Listed infrastructure is a popular income solution for many. This is due to its track record of consistently delivering a higher yield compared to global equities and 10-year bonds. In creating listed infrastructure income portfolios, Portfolio Managers need to consider the following fundamentals.
Firstly, whether an absolute total return (in excess of the return hurdle) can be achieved over time. In other words, income targets should not be at the expense of long-term total return.

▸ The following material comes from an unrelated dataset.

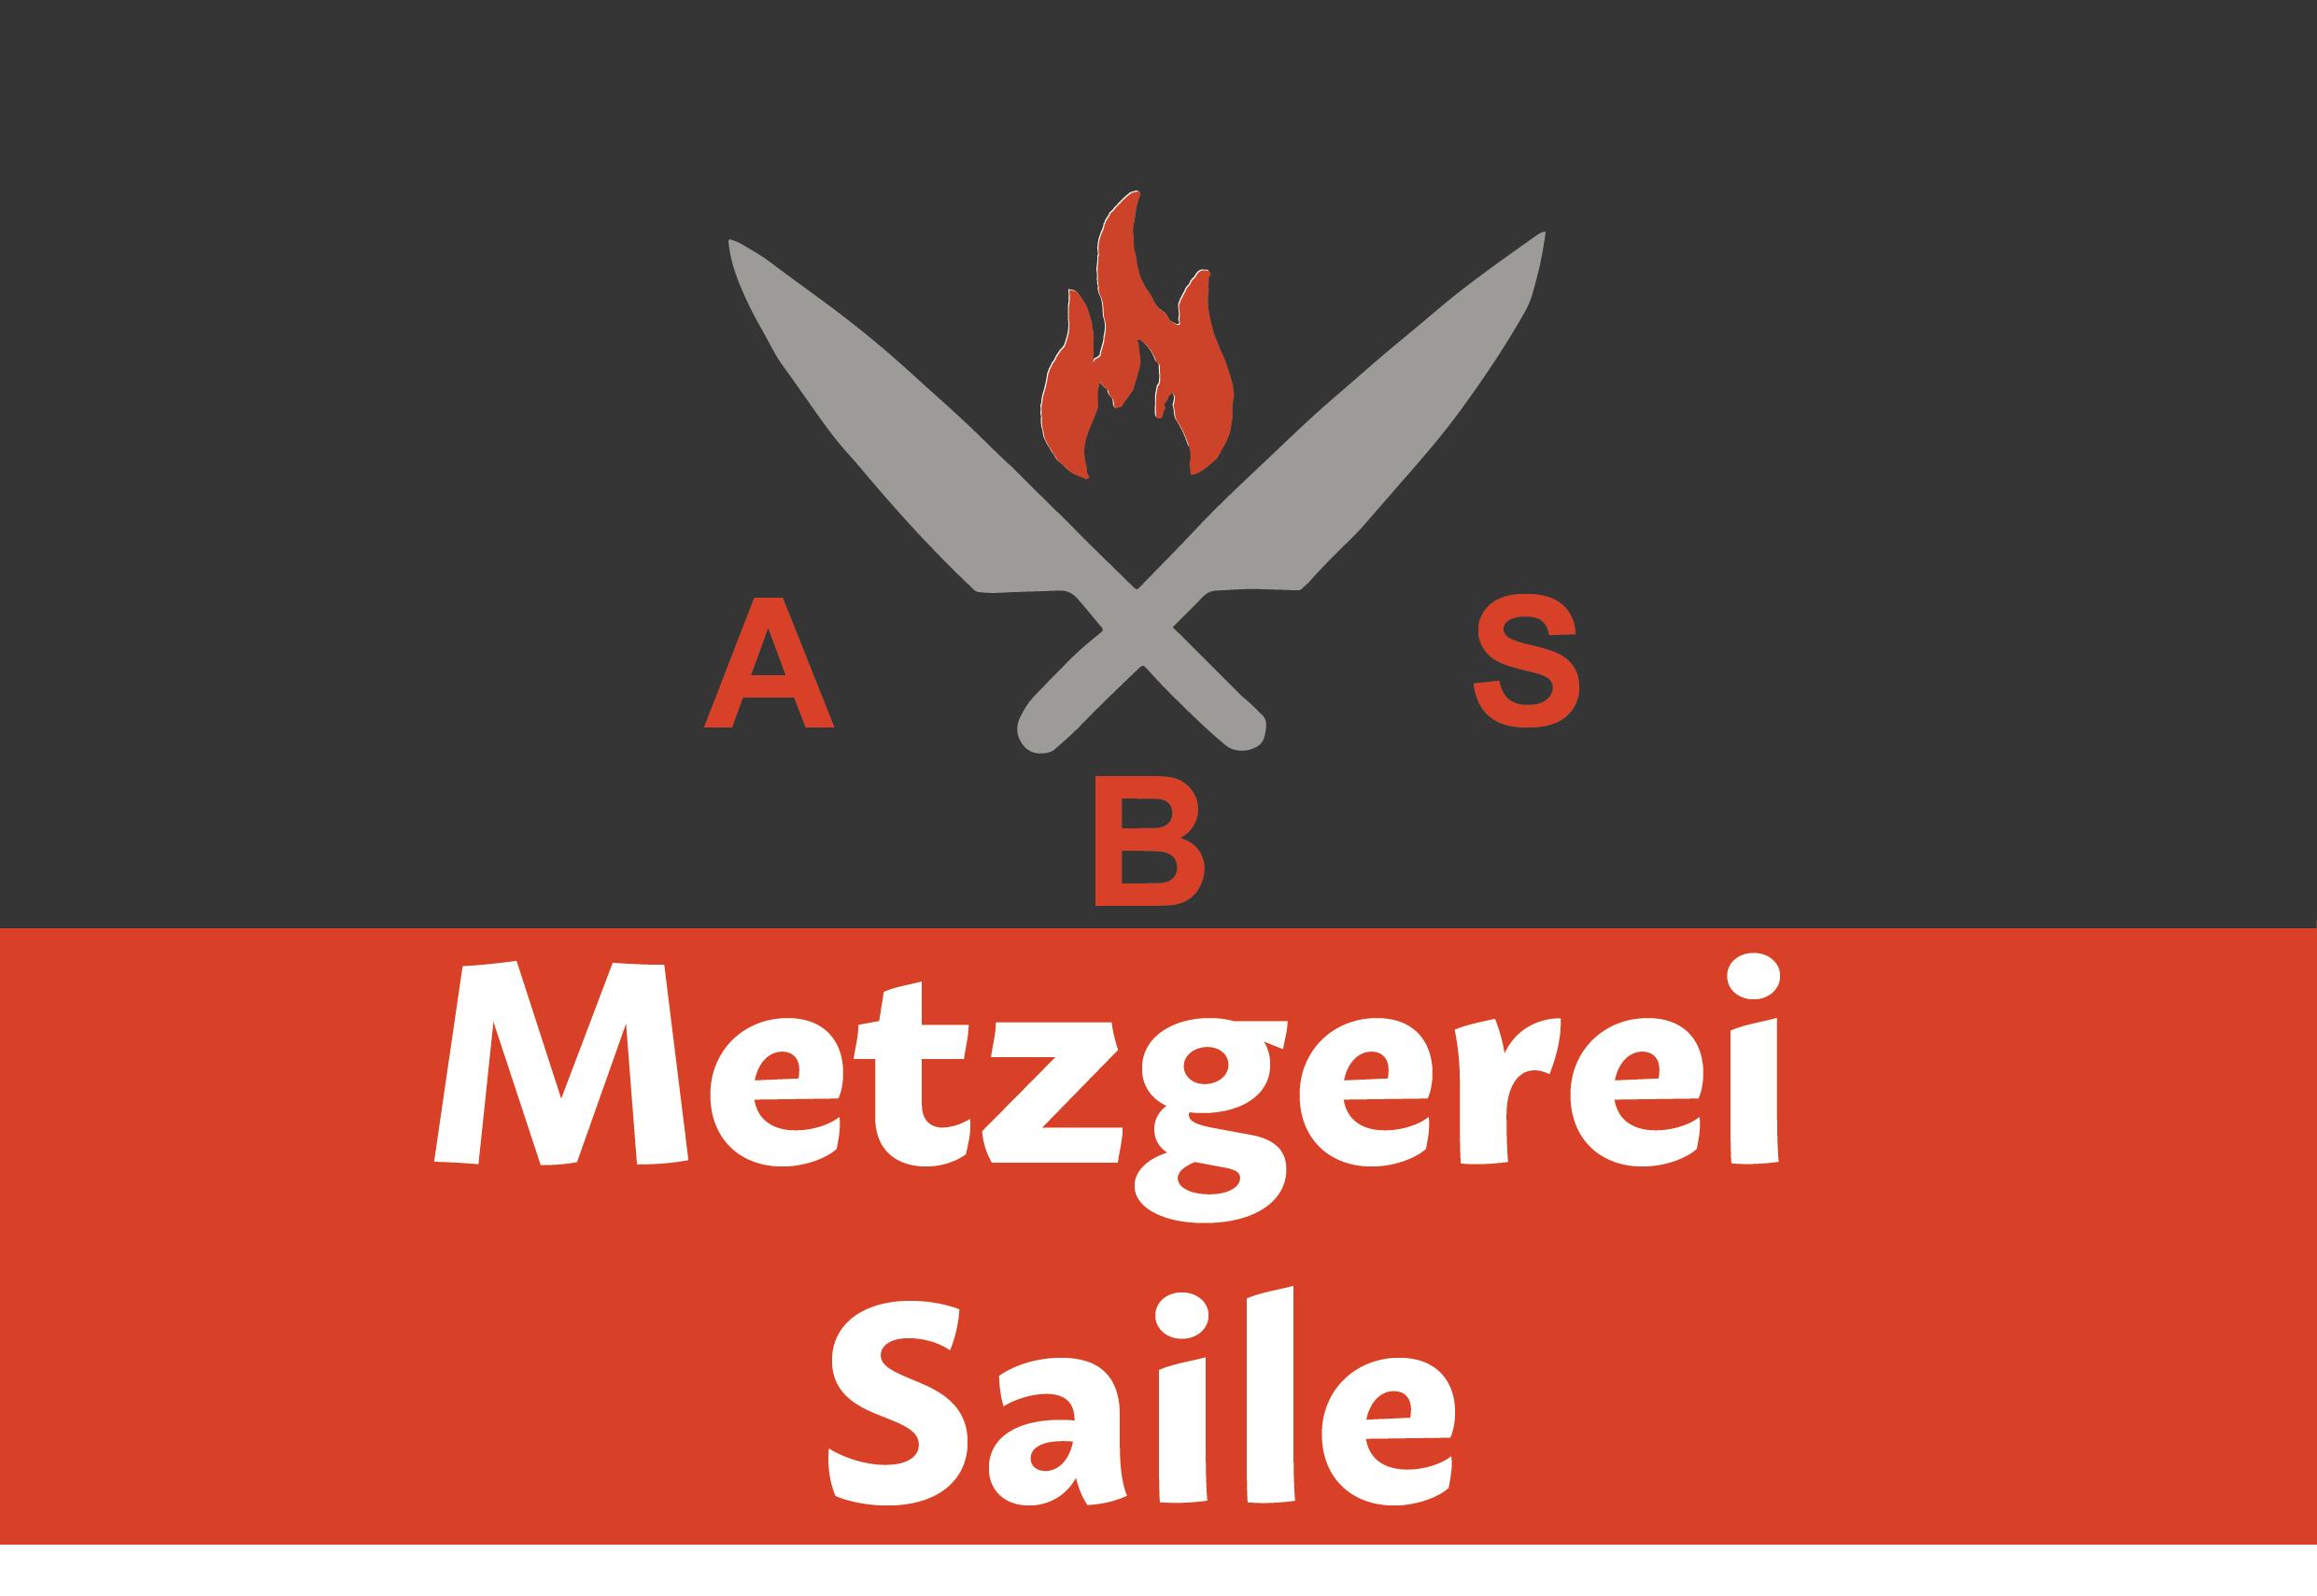 Metzgerei Saile

Secondly, whether the portfolio will sustainably produce income through a full market cycle. Usually, a company’s exposure to the business cycle is intrinsically linked to their earnings, profits and dividends.
The stability of income can be evaluated by looking at the predictability of a company’s cash flows over time - the relationship between cash flow, the company’s capital structure and its strategy for distributing this cash will ultimately impact the dividends to investors.
In this way, infrastructure has an edge as a long term income solution. Revenues are generally linked to the asset base of these companies, rather than to the ups and downs of economic activity. This being the case, the quality of a company’s assets and a detailed assessment of the regulation or contracts governing them needs to be front and centre to a Portfolio Manager’s process.This is what delivers stable cash flow and greater capital stability. As demonstrated in the chart below, a growing asset base drives growth in dividend yields.
The RARE Infrastructure Income Strategy Annual Dividend over time (index =5)1
1 RARE calculations as at 31 December 2018
For investors, this can provide excellent visibility over revenues and dividends, particularly as we enter later stages of the economic cycle. To find out more, listen to Nick Langley, Co-CEO/Co-CIO at RARE, talk about the sustainability of yield when investing in infrastructure.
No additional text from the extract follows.